Паучиха широко раскрыла рот и деликатно пробежалась по губам длинным черным языком.
— А ты разве не голоден? — неожиданно спросила она, обратившись к Джеймсу.
Но бедный Джеймс, от страха прижавшийся к дальней стене, был слишком испуган, чтобы отвечать.
— Что с тобой? — спросил Старый Зеленый Кузнечик. — Ты выглядишь совершенно больным.
— Похоже, он вот-вот упадет в обморок, — добавил Сороконожка.
— Боже мой! — закричала Божья Коровка. — Бедняжка! Он, наверно, думает, что это его мы хотим съесть!
Все в комнате громко расхохотались.
— Господи! Какое ужасное, какое дикое предположение! — твердили все наперебой.

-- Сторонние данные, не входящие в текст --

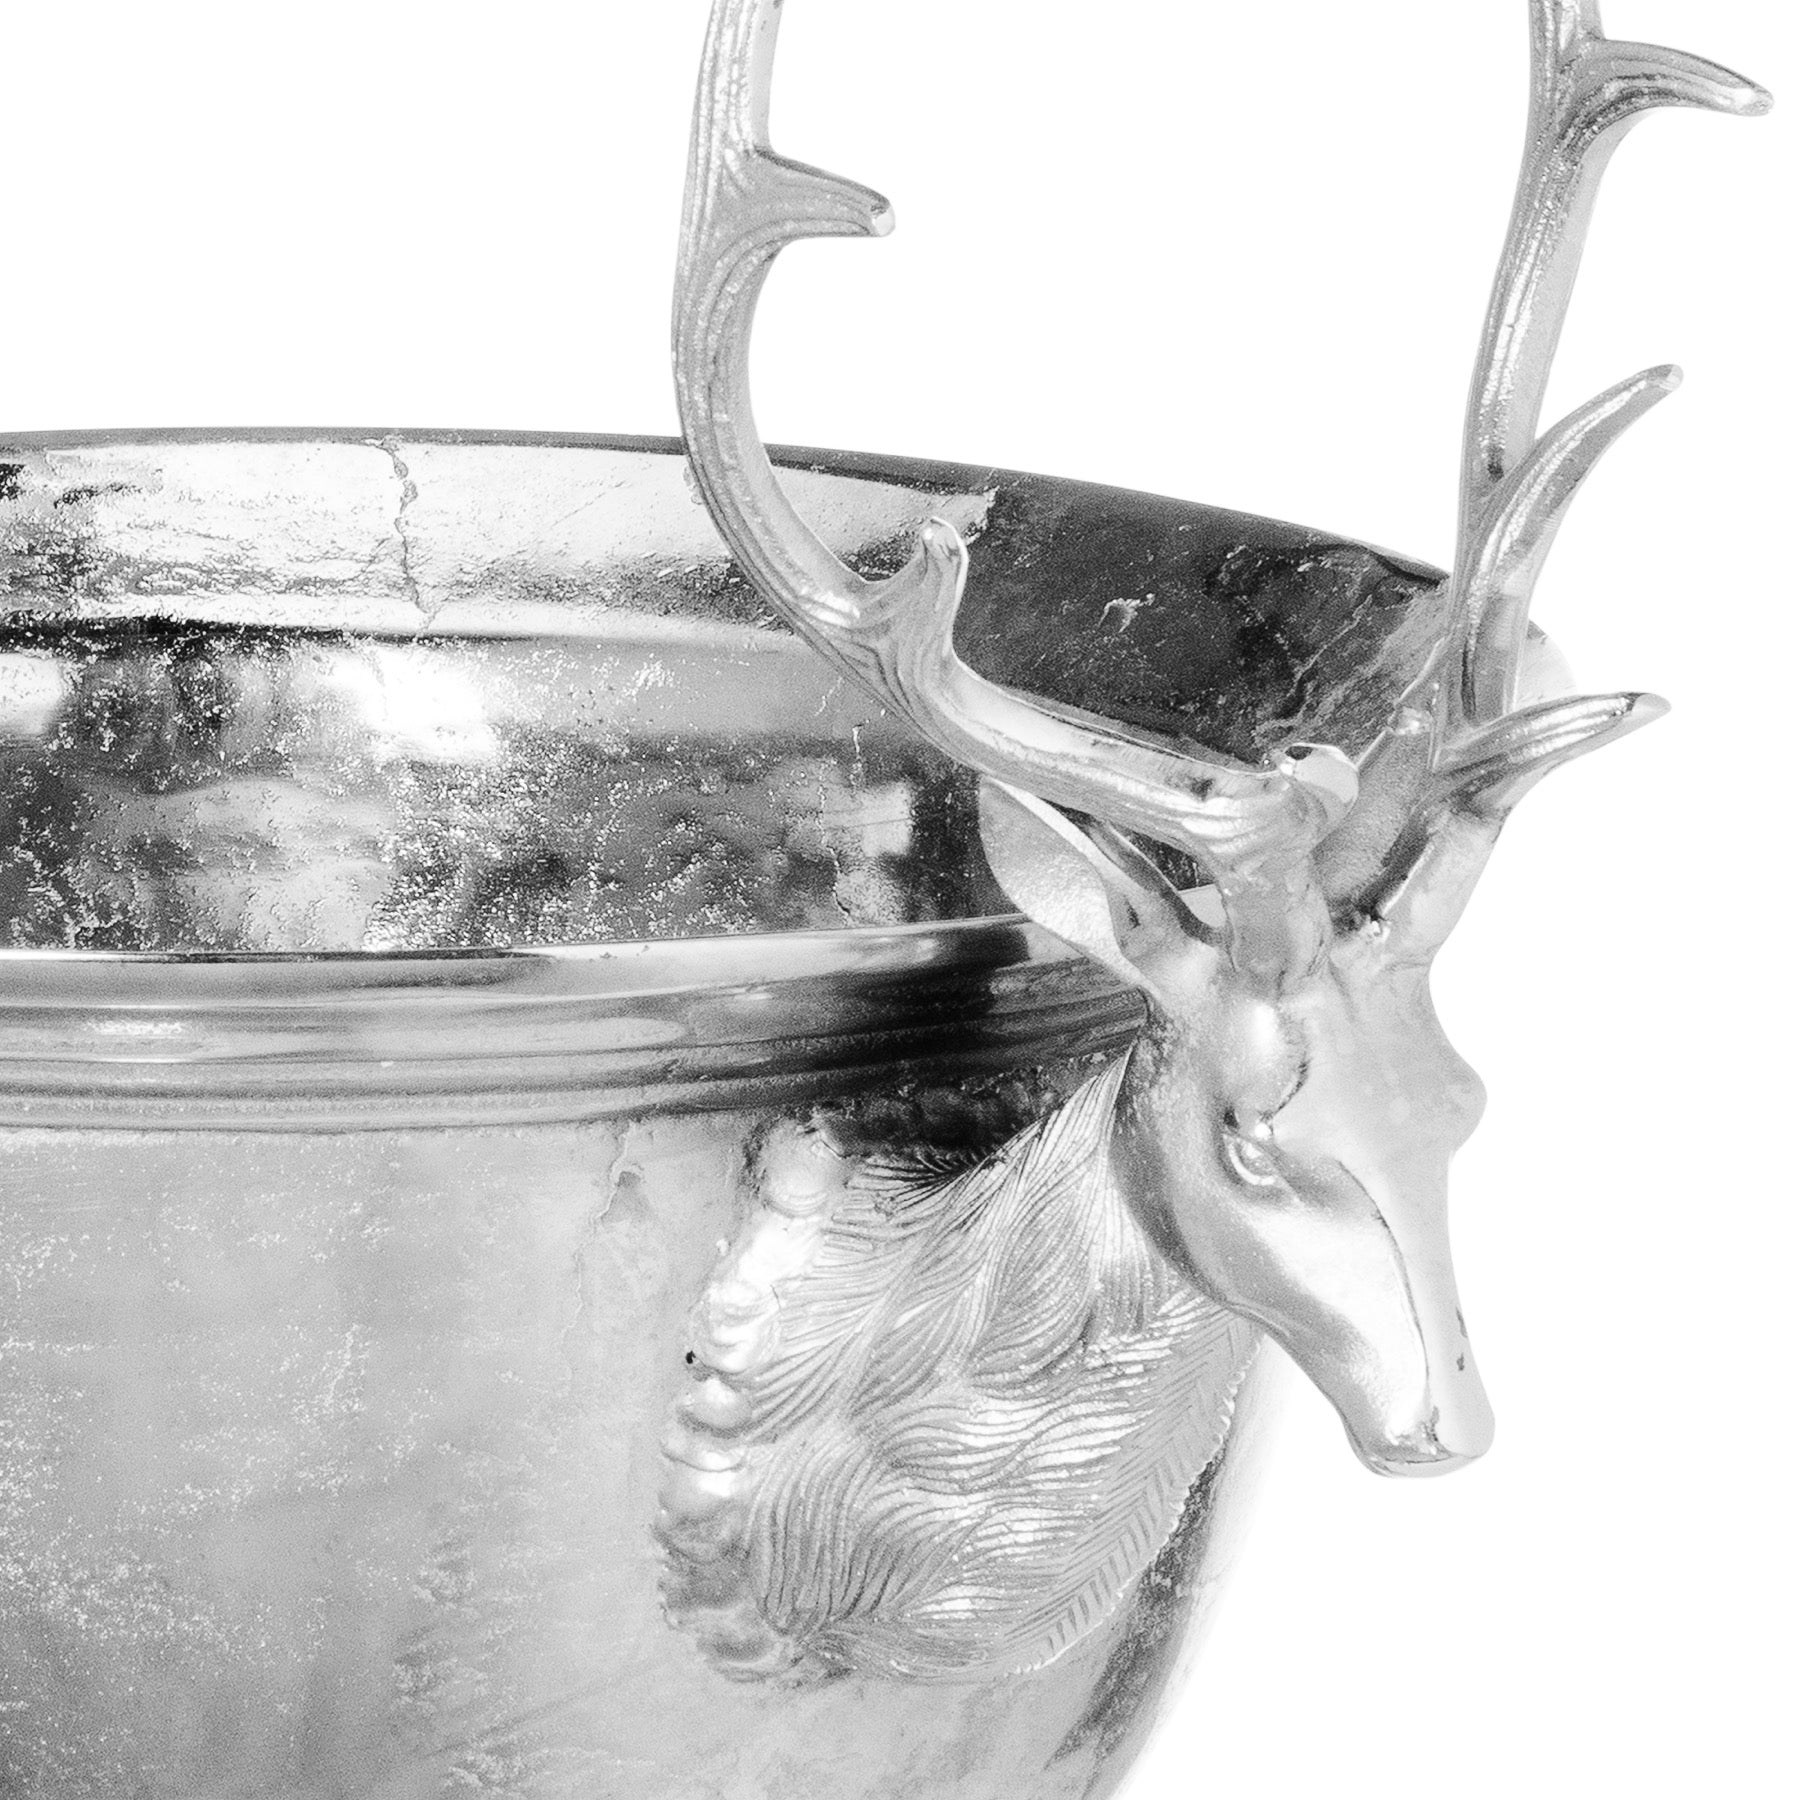 Large Aluminium Stag Champagne Cooler on Stand

— Не бойся, — мягко сказала Божья Коровка. — У нас и в мыслях не было обидеть тебя. Разве ты не знаешь, что ты теперь один из нас? Ты в нашей команде. Мы все в одной лодке.
— Мы целый день ждали тебя, — сказал Старый Зеленый Кузнечик. — Уж думали, что ты не придешь. Как хорошо, что ты все-таки сделал это.
— Так что выше нос, мой мальчик! — сказал Сороконожка. — А пока я бы попросил тебя подойти поближе и помочь мне разуться. А то, когда я разуваюсь сам, у меня на это уходит по нескольку часов.
12
Джеймс решил, что в его положении не стоит быть чересчур несговорчивым, и опустился на колени около Сороконожки.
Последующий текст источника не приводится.